Dataset records:
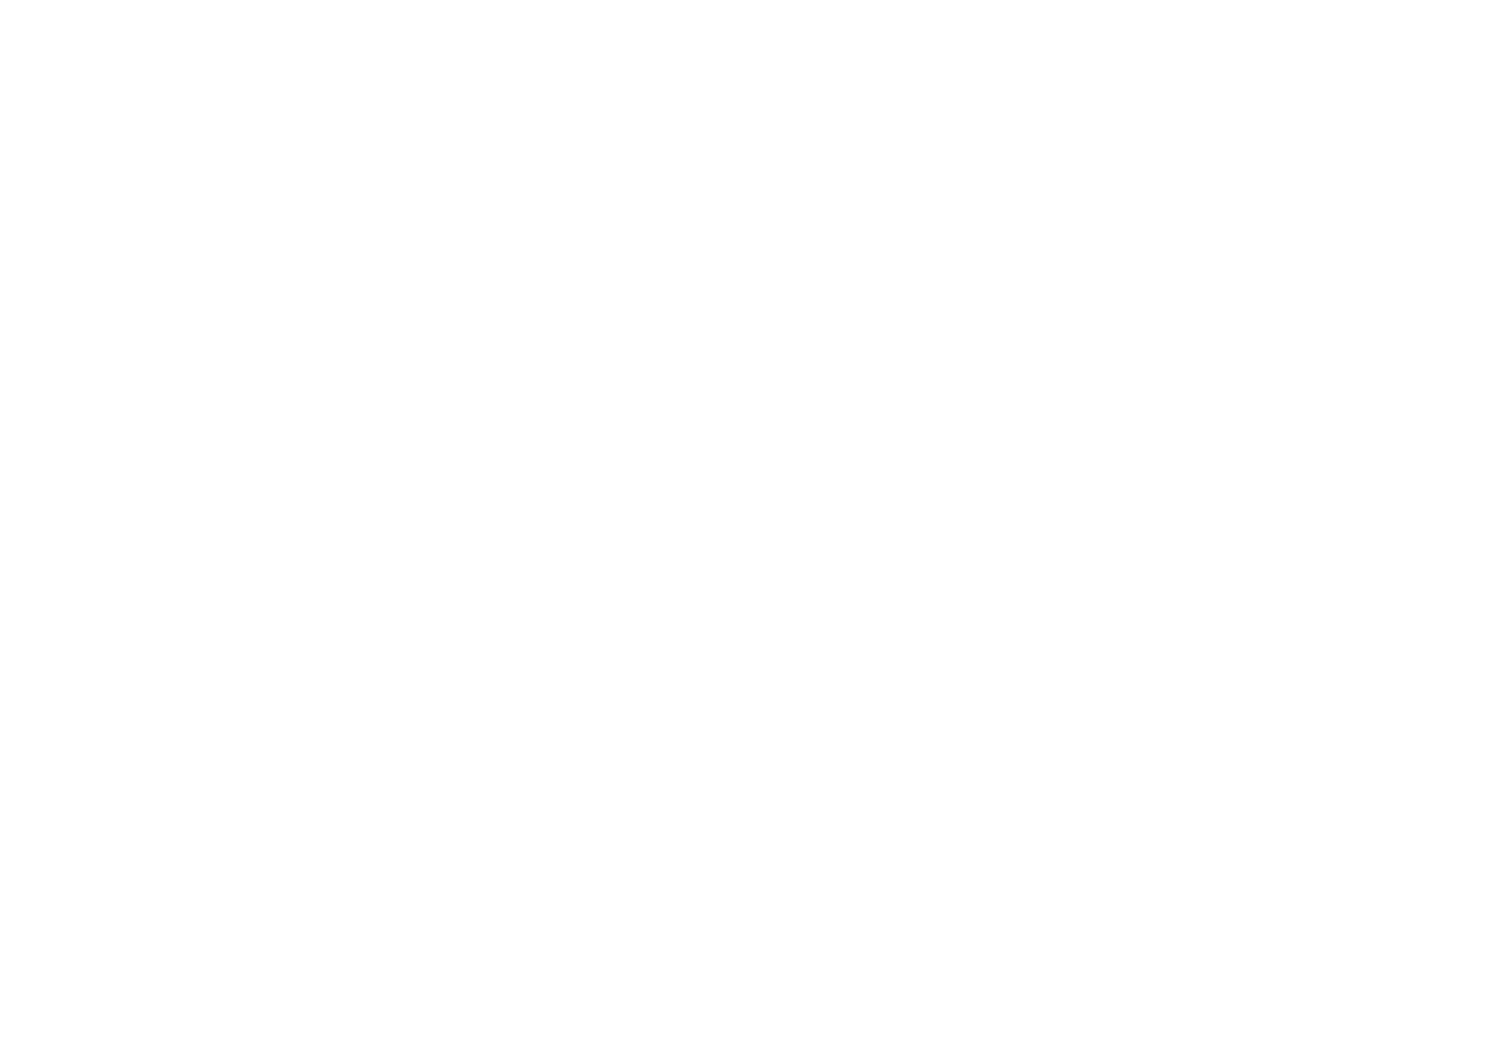 New Wine International Church
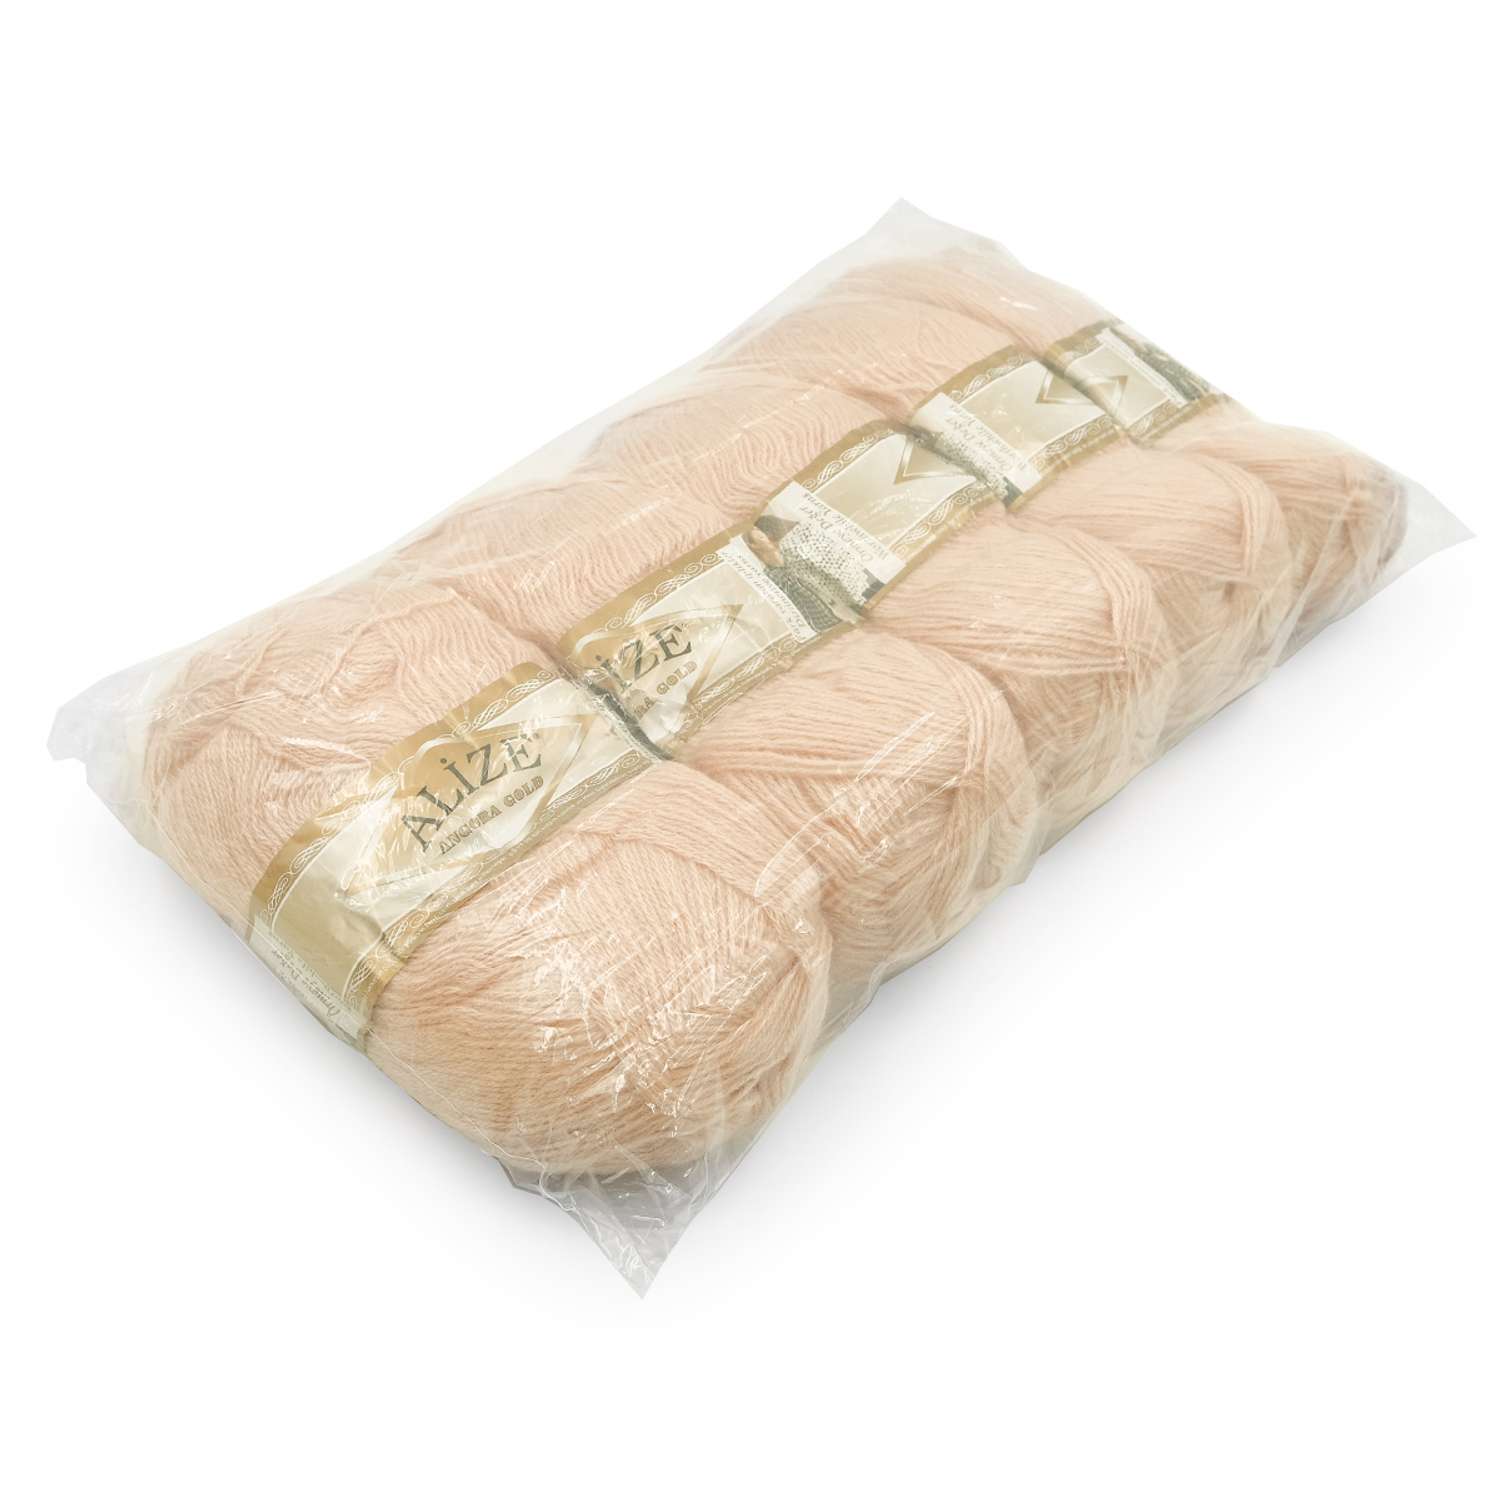 Пряжа Alize мягкая теплая для шарфов кардиганов Angora Gold 100 гр 550 м 5 мотков 404 пудра - фото 8
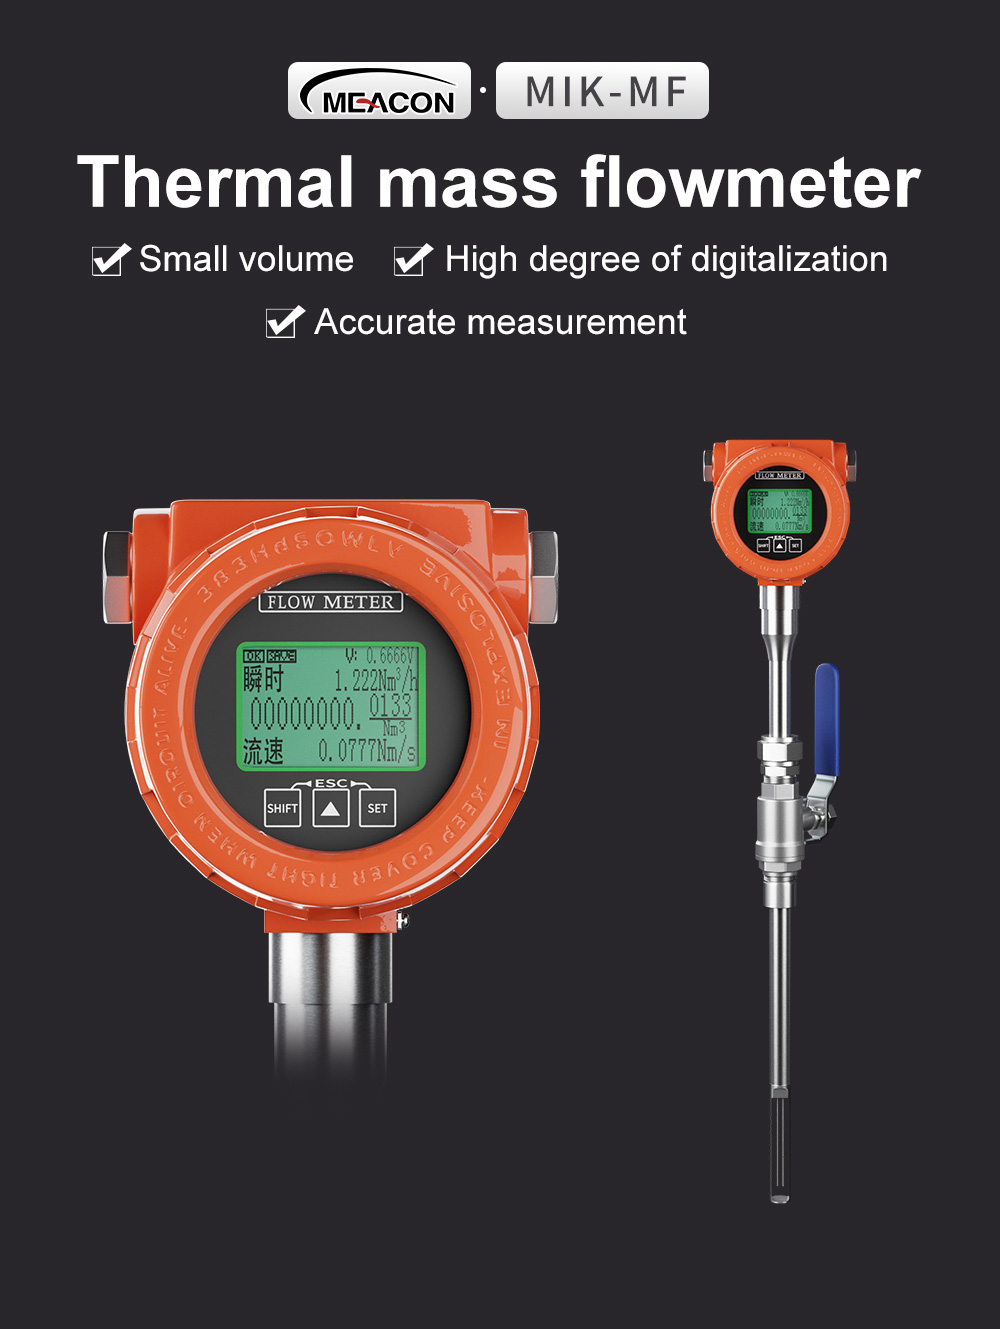 MIK-MF Thermal mass flowmeter
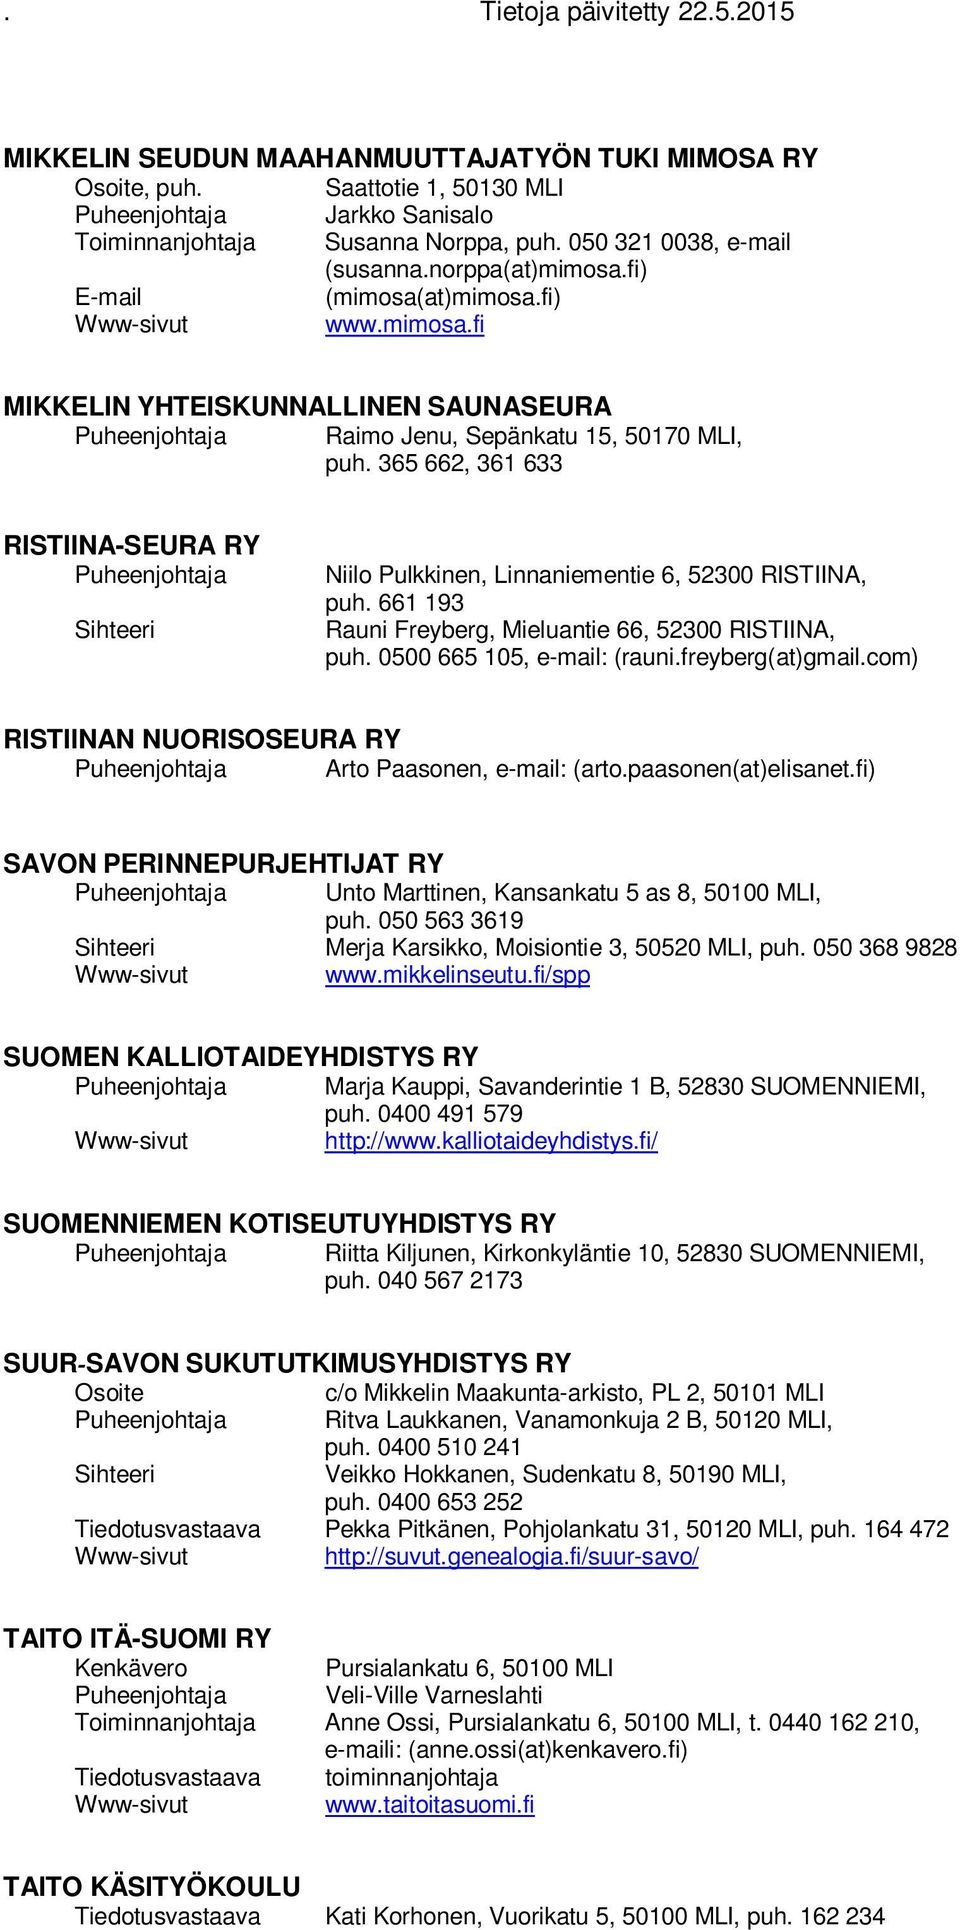 365 662, 361 633 RISTIINA-SEURA RY Niilo Pulkkinen, Linnaniementie 6, 52300 RISTIINA, puh. 661 193 Rauni Freyberg, Mieluantie 66, 52300 RISTIINA, puh. 0500 665 105, e-mail: (rauni.freyberg(at)gmail.
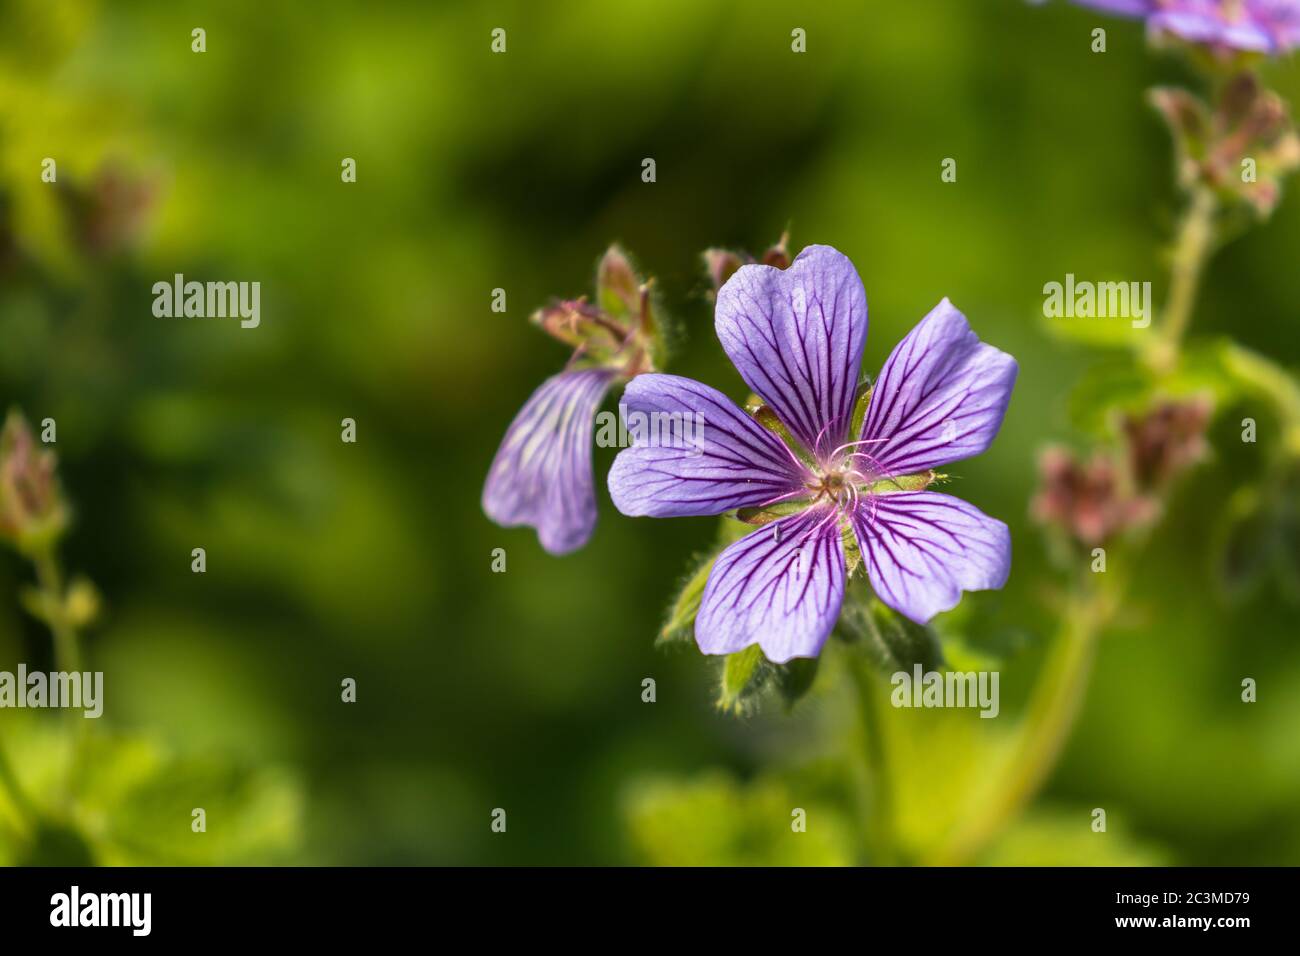 Close up view of glandular crane's-bill (Geranium platypetalum), small purple flower, copy space available Stock Photo
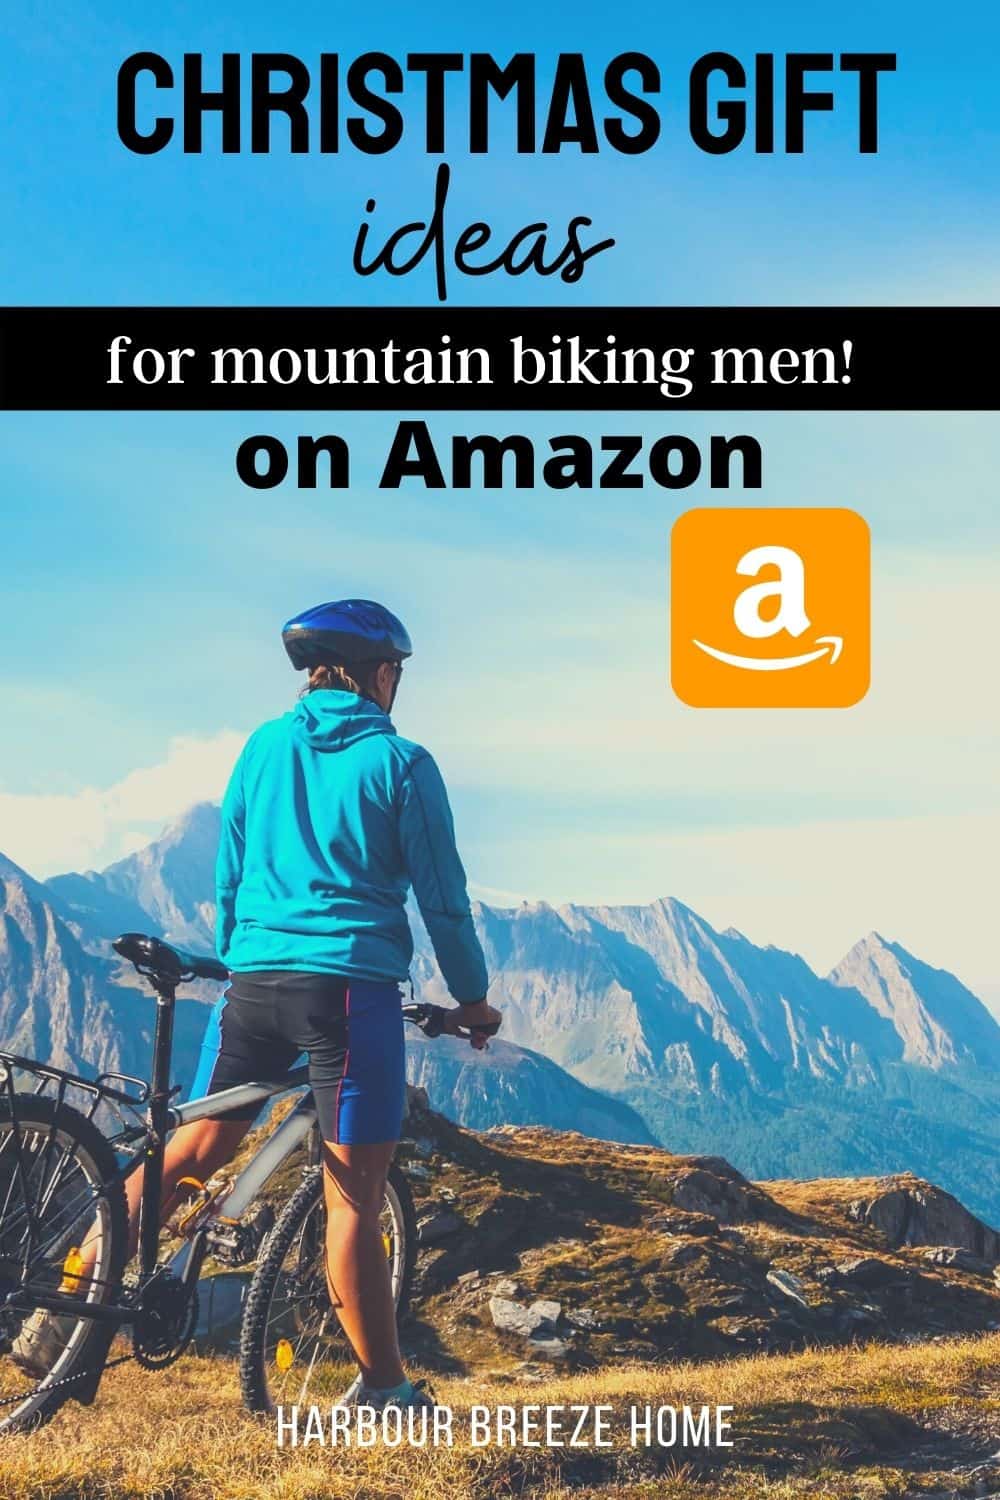 Christmas gift ideas for mountain biking men 2021

Exercise goal - After locating the line containing "Close up view" in the entries above, repeat only it and each later line through the end, exactly, without any pictures.

Expected answer -
 Close up view of glandular crane's-bill (Geranium platypetalum), small purple flower, copy space available Stock Photo
 Christmas gift ideas for mountain biking men 2021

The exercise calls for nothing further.